Ghana Can’t Build a 24-Hour Manufacturing Economy on an Empty Raw Materials Base
If Ghana is serious about building a 24-hour economy powered by manufacturing, it must first get serious about what fuels manufacturing, raw materials. Cocoa processors are underutilized, cashew factories are collapsing, and the government has announced to implement a phased ban on the export of raw shea nuts by 2026. These aren’t just scattered sectoral problems. They are early warning signs that the foundation of Ghana’s industrial dream is at risk.
Manufacturing thrives on raw material availability. The idea behind the 24-hour economy is to expand factory operations, scale exports, and reduce dependence on imports. But none of that is possible when local processors can’t get inputs, and exporters offer farmers higher prices to ship raw goods. The consequence? Ghana’s processing capacity is idle, and the promise of industrial jobs is fading before it even gets started.
As Bright Simons has pointed out, many local cocoa processors operate at 10–40% capacity, not because they’re inefficient, but because they can’t get cocoa. Some have even had to import beans just to stay in business. The reason? COCOBOD prioritizes forward sales for foreign exchange, limiting domestic access. While that may help manage reserves in the short term, it directly undermines the long-term industrialization plan. You can’t promote chocolate-making if chocolate makers can’t access cocoa.

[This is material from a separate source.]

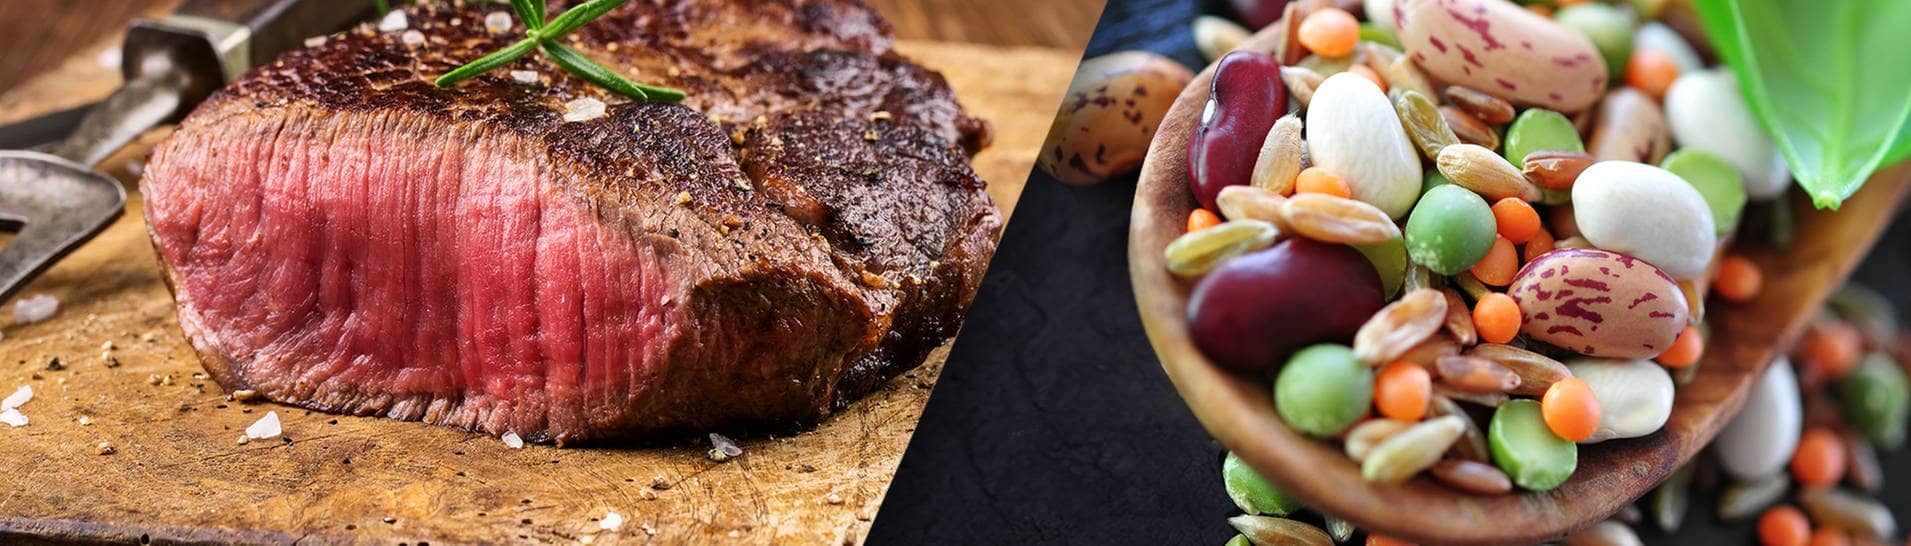 Fleisch vs. Fleischersatzprodukte – Was ist besser?

The cashew industry is even more fragile. This week, the Association of Cashew Processors Ghana (ACPG) issued a stark warning: unregulated exports are sabotaging Ghana’s 24-hour economy. Foreign merchants are flooding rural markets with cash, outbidding local processors for raw cashew nuts. As a result, factories are shutting down, jobs are disappearing (especially among rural women and youth), and entire value chains are breaking because primary processors can’t function, and secondary processors have no input. Despite years of talking about cashew as a “strategic export,” ACPG says there’s no real enforcement, no working capital, and no plan.
The government announced a phased ban on raw shea nut exports by 2026, along with plans to rehabilitate the Buipe Shea Factory. For years, shea has been an underutilized women-led industry. With the ban and factory rehabilitation, Ghana has a chance to build a regional hub for cosmetics and food-grade shea processing, if the implementation is right. But even here, the message is clear: if raw exports remain more attractive than local processing, policy will always lose to price.
Ghana’s manufacturing vision won’t work unless processing becomes more rewarding than exporting. That means enforcing export restrictions where needed, prioritising local supply in pricing models (especially in cocoa), offering tax and power incentives to processors, not just exporters, and making sure that access to raw materials is protected and predictable before factories are scaled up.
The idea of 24-hour industrial growth cannot run on empty factories or idle capacity. It must be built on a governed raw materials pipeline that supports domestic value addition first. Here’s the danger: if exporting raw cocoa, cashew, or shea stays more attractive than processing them locally, Ghana will continue to export its raw potential, only to import it back, transformed, and pay a premium for it.
The political will to industrialize is here. But Ghana will not manufacture at scale until it stops incentivizing raw material exports over domestic value addition. We need a system where processors come first, where policy backs local factories with raw material access, energy reliability, and working capital, and where adding value in Ghana is more profitable than shipping it out raw. If we don’t fix this, we’ll be running factories on imported inputs, not because we lack the resources, but because we refused to protect them.